Rache am Abend

Rache am Abend

„Mehr als 20.000 Gegendemonstranten verhindern friedlich den Nazi-Marsch durch die Stadt“, schreiben die Dresdner Neuesten Nachrichten – eine Ausnahme unter all den Krawallüberschriften, zu denen die Polizei mit ihren Medieninformationen die Stichworte lieferte: „Gewaltbereite Personen … viele gewalttätige Personen … Gewalttäter … gewaltbereite Personen des linken Spektrums … Gewaltbereite … mehrere Gewalttäter“, kabelte die Pressestelle der Dresdner Polizei sich die Lage zurecht – zu einer Zeit, da die Beamten einem Angriff von Rechtsradikalen auf das Alternative Kulturprojekt „Die Praxis“ aus sicherer Entfernung zugeschaut und hunderte friedliche Blockierer mit teils willkürlichen Zwangsmaßnahmen behelligt hatte. Höhepunkt der Eskalation in Uniform: Am Abend stürmten Polizisten das „Haus der Begegnung“, in dem das Bündnis Dresden Nazifrei ebenso residiert wie linke Politiker und Anwälte. Die Tageszeitung berichtet ausführlich -  ein Sprecher des Bündnisses sprach von einer „Racheaktion“ der Behörden, die in Dresden einmal mehr eine schlechte Figur abgegeben haben. Sachsens Linksfraktionschef André Hahn hatte bereits am Nachmittag die „Kombination aus dilettantischem Handeln des Dresdner Ordnungsamtes und verantwortungslosen Urteilen des Verwaltungsgerichts“ kritisiert, die „für die bisweilen unübersichtlichen Verhältnisse und die teilweise Eskalation der Lage gesorgt“ hätten.
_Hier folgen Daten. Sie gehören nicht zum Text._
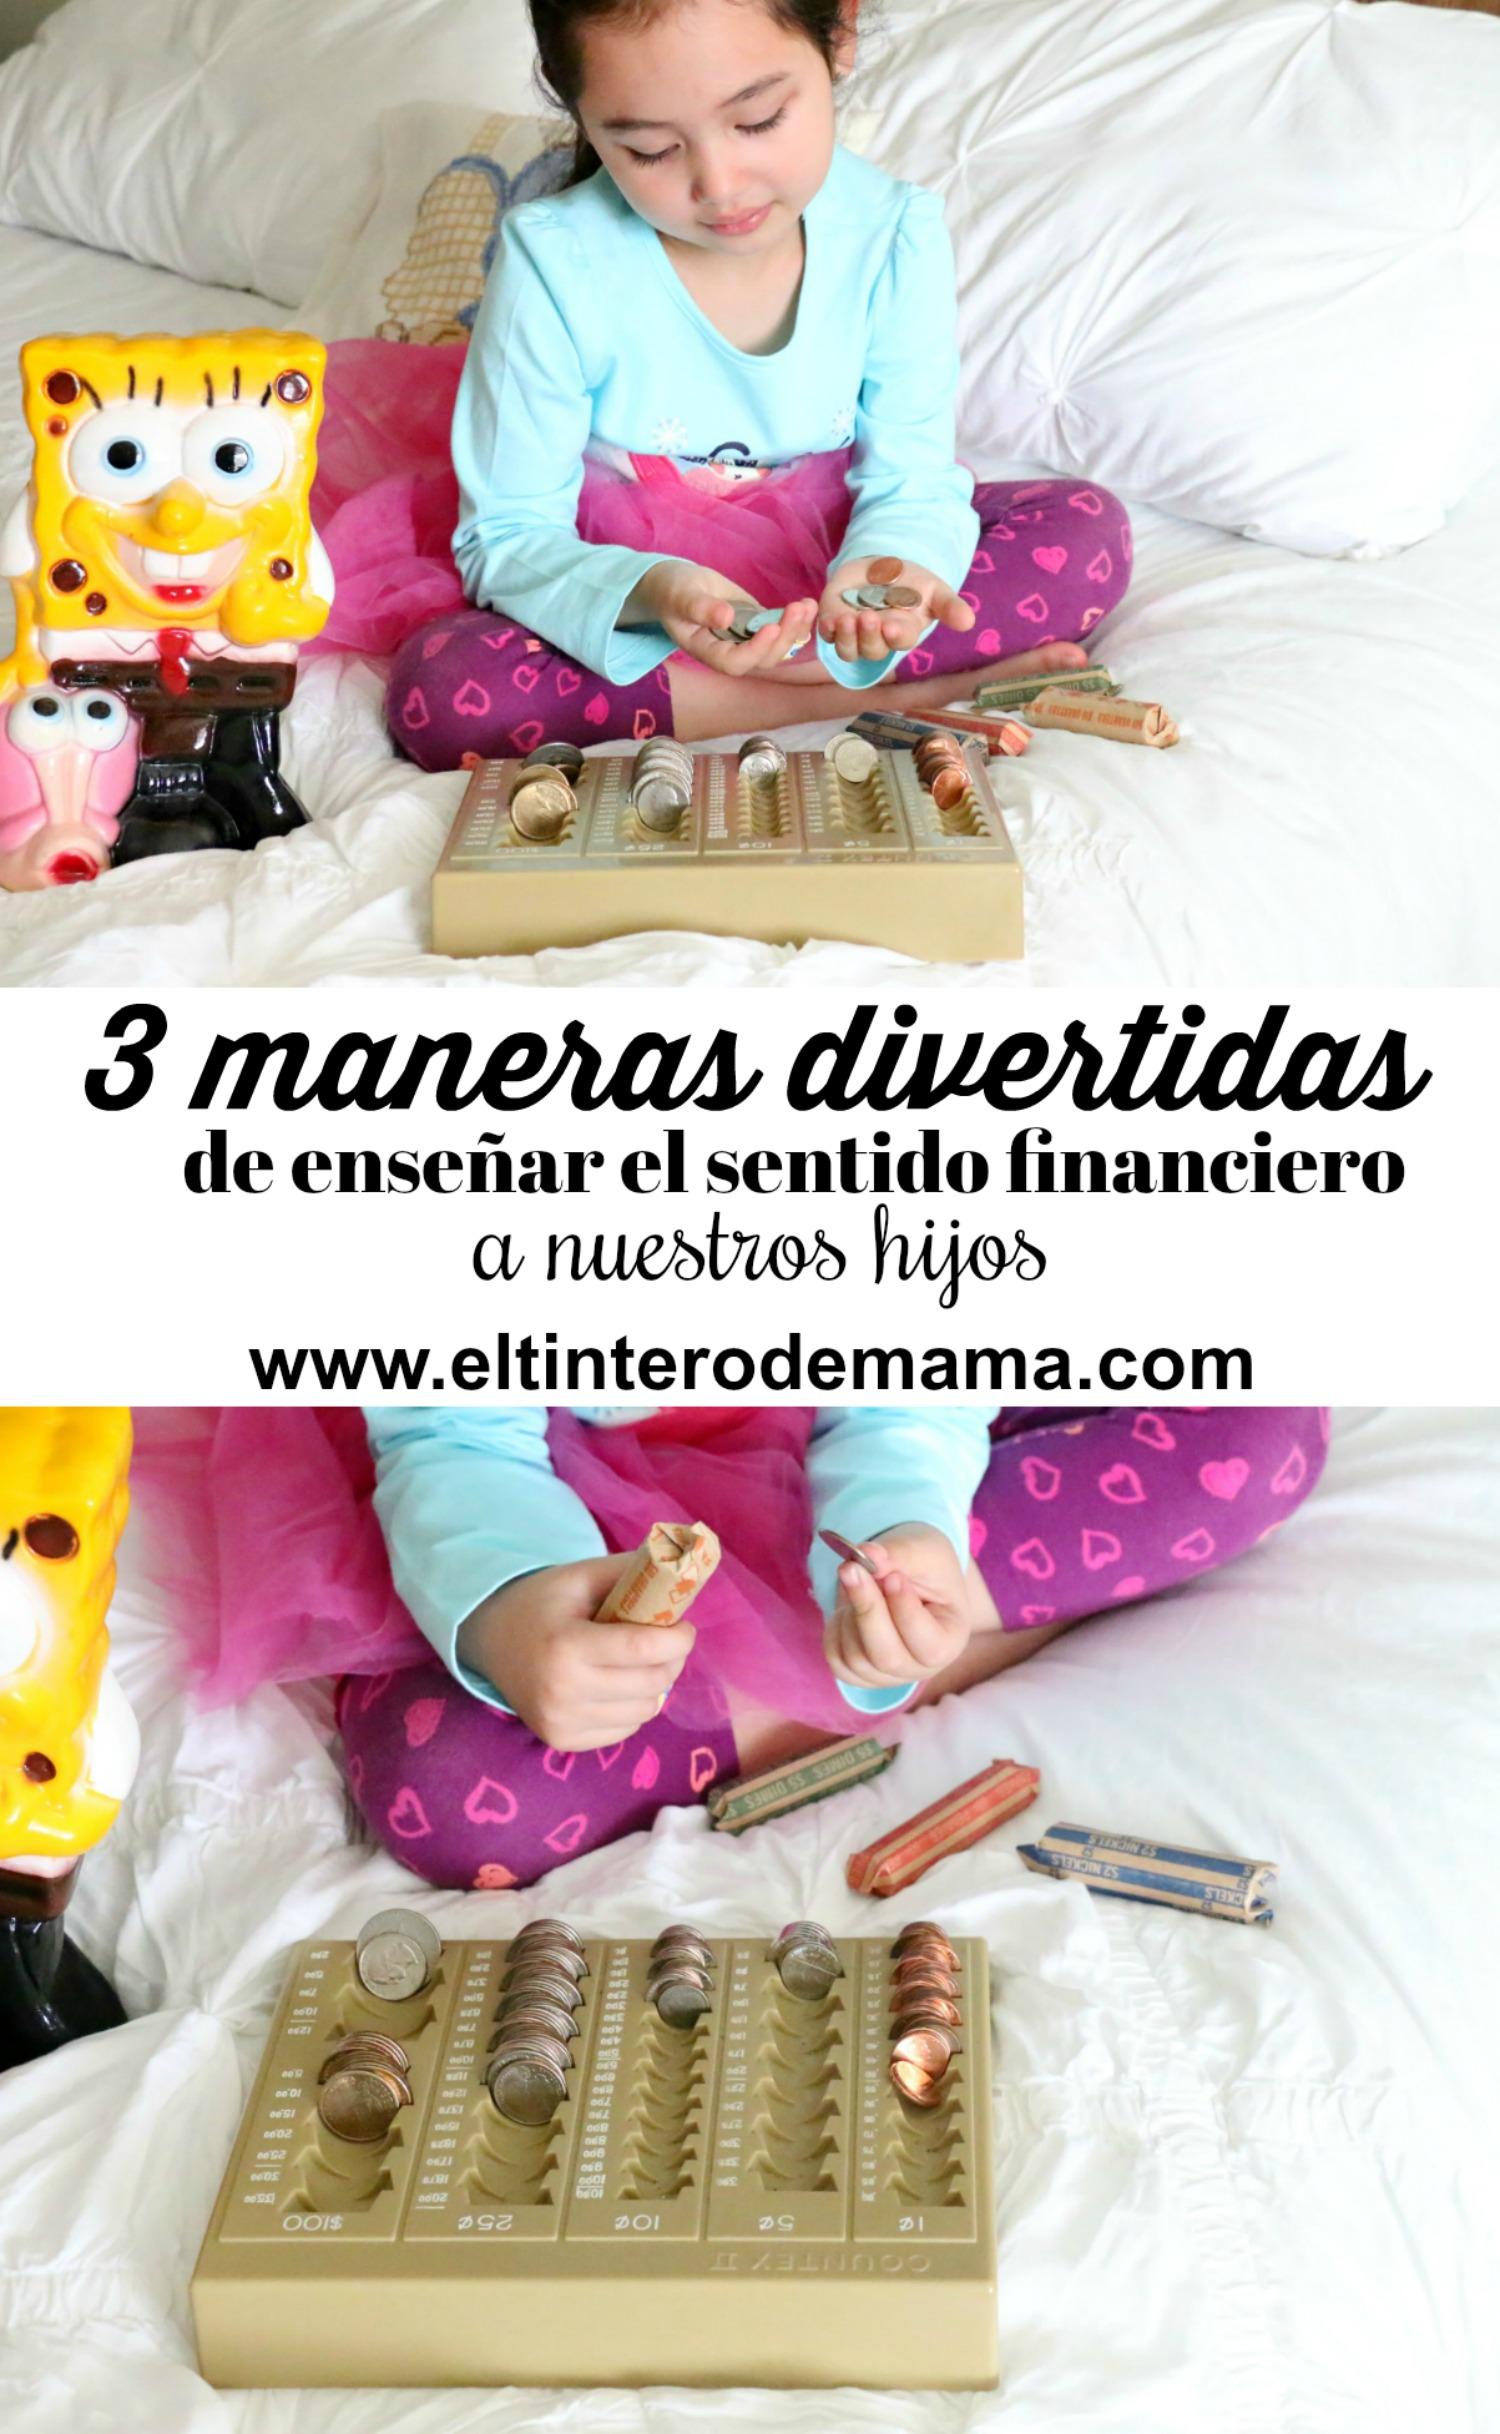 3-maneras-divertidas-de-ensenar-el-sentido-financiero-a-nuestros-hijos

Nach der Stürmung des „Haus der Begegnung“ durch die Polizei am Abend sprach sich die sächsische Bundestagsabgeordnete und stellvertretende Linkenvorsitzende Katja Kipping scharf gegen den Einsatz aus. Die Beamten hätten „eindeutig den Weg der Verhältnismäßigkeit verlassen“ und „grundlos hohen Sachschaden verursacht“.  Außerdem seien „Menschen ihrer Grundrechte beraubt“ worden – etwas, das man an diesem 19. Februar in Dresden immer wieder beobachten musste. (tos)

Dutzende Neonazis greifen an: mit Flaschen, Stöcken und Steinen wurde am Samstagmittag das Alternative Kulturprojekt “Die Praxis” im Stadtteil Löbtau attackiert, das schon in der Vergangenheit immer wieder Ziel von rechten Übergriffen war – also in den Einsatzplänen der Polizei eine Rolle gespielt haben müsste. Die Polizei schaut jedoch aus sicherer Entfernung zu. Tausende Beamte sind derweil damit beschäftigt, Fußgängerbrücken und Kreuzungen zu räumen.

Zwei Videos, die zeigen, wie die Polizei an der Technischen Universität eine friedliche Blockade räumt – vor allem im zweiten Teil werden teils völlig willkürlich “polizeiliche Zwangsmaßnahmen” eingesetzt

Bei 3:40 Min. feuert ein Polizist aus einer automatischen Waffe in die Menge. Offenbar werden hier so genannte Pfefferkugeln auf flüchtende Demonstranten geschossen. Der Einsatz der Munition, die seit vergangenem Jahr Sondereinsatzkommandos der sächsischen Polizei zur Verfügung steht, ist umstritten. Immer wieder waren in der Vergangenheit Todesfälle in Zusammenhang mit dem Einsatz von Pfefferspray gebracht worden.

Schon am Vormittag hatte die Polizei Kostenproben ihrer Einsatzstrategie präsentiert: Wo immer sich Gegendemonstranten in der verbotenen Zone zeigen, wird unabhängig von der Situation und ohne Rücksicht auf die Verhältnismäßigkeit eingegriffen:

Eine größere Gruppe von Demonstranten überquert eine Straße, was nun wirklich sehr gefährlich ist – und trotz Minusgraden und ohne jeden Hinweis darauf, dass von den Menschen irgendeine Form der Gewalt ausgeht, bringt die Polizei einen Wasserwerfer zum Einsatz. Offenbar in der Hoffnung, durchnässte Personen würden an diesem Tag nicht mehr versuchen, die Nazis zu blockieren. Diese Rechnung ist nicht aufgegangen.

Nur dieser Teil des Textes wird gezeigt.